◆ **Data excerpt**:

* * * * * * *

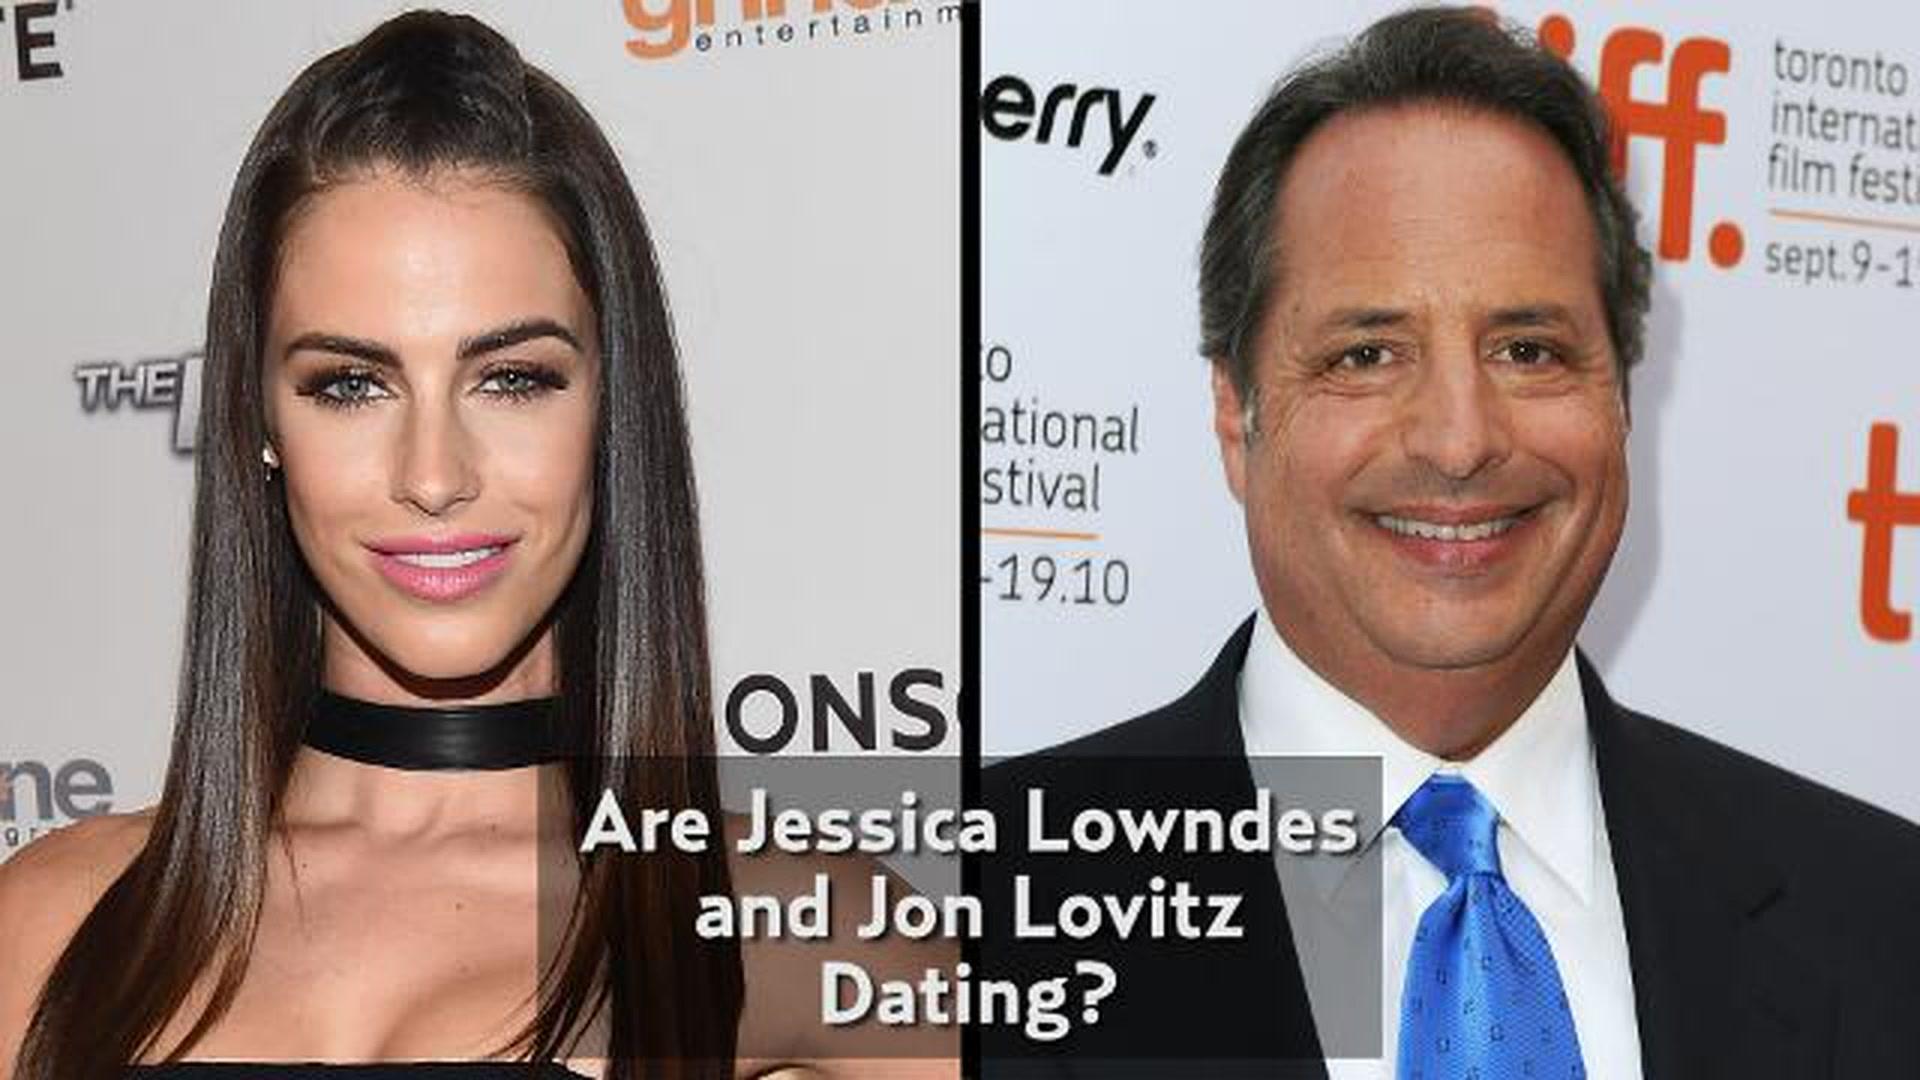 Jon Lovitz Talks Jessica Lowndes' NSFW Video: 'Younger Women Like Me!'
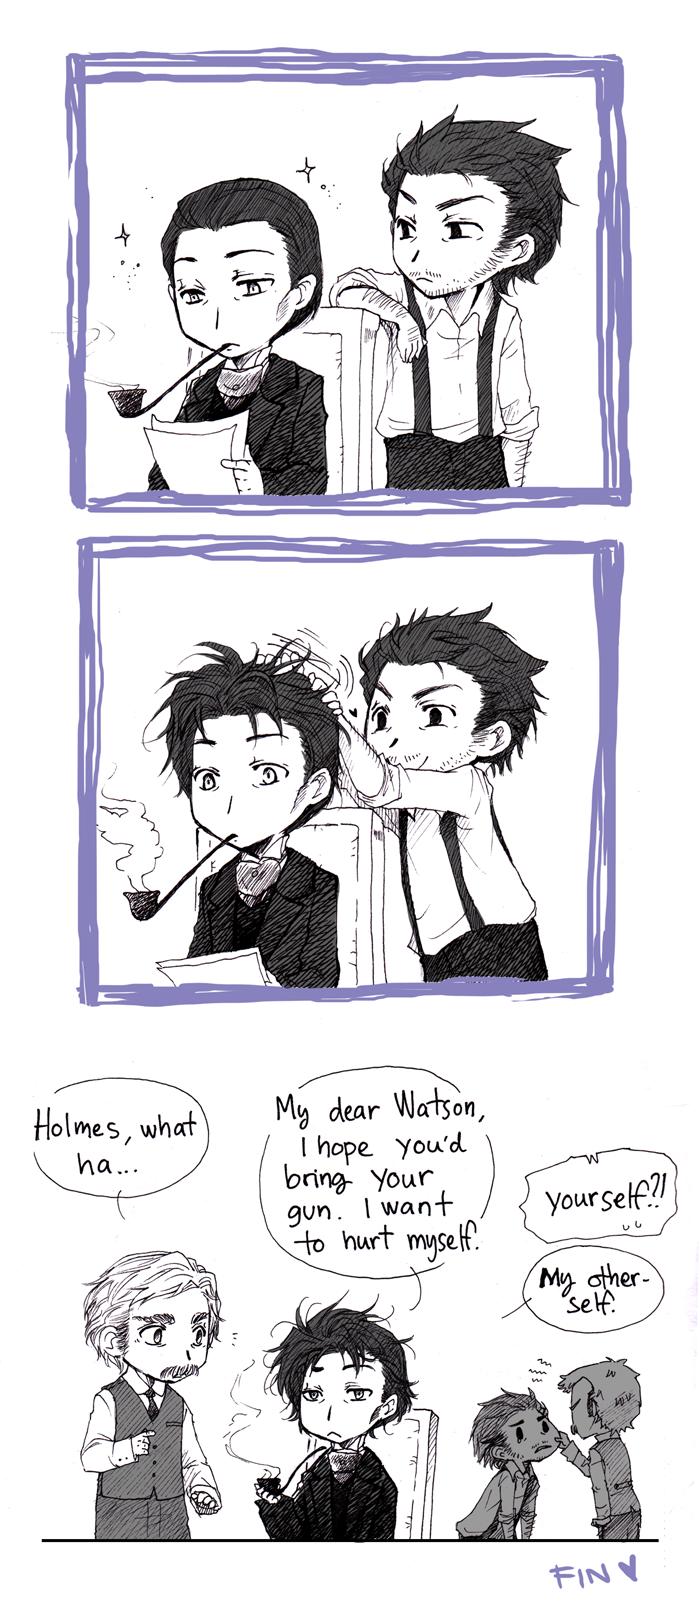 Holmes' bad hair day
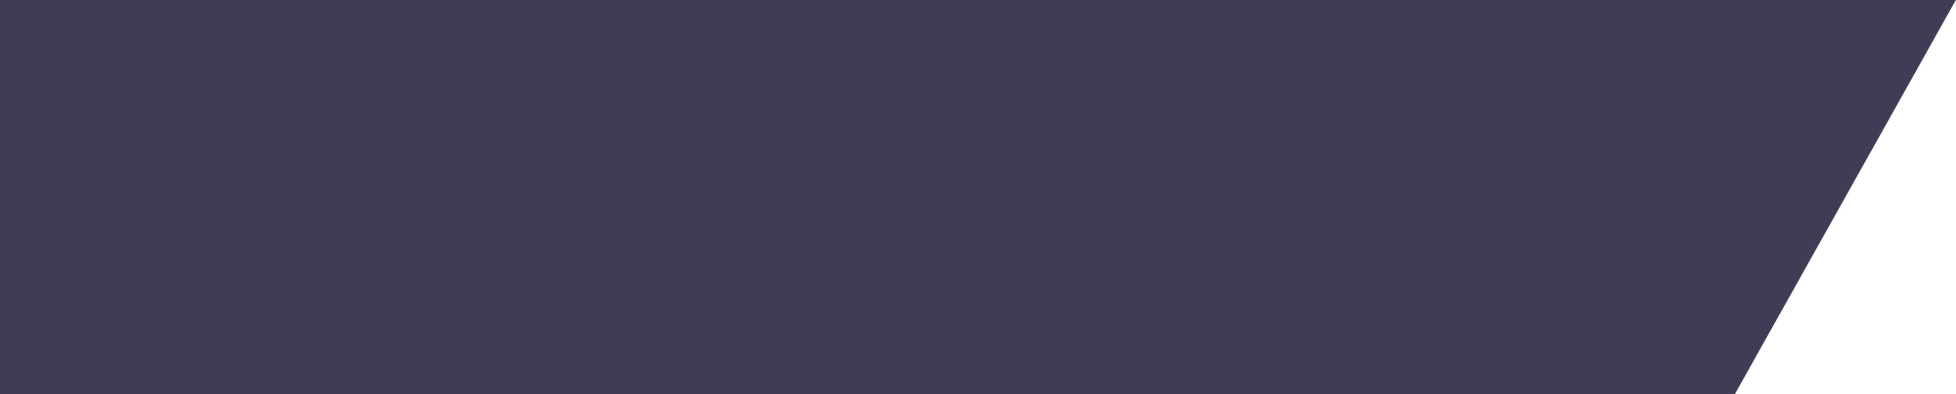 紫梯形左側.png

* * * * * * *

◆ **Exercise**: Wherever a picture appears in the data, please drop it and retype the rest exactly.

◆ **Exercise solution**:
 Jon Lovitz Talks Jessica Lowndes' NSFW Video: 'Younger Women Like Me!'
 Holmes' bad hair day
 紫梯形左側.png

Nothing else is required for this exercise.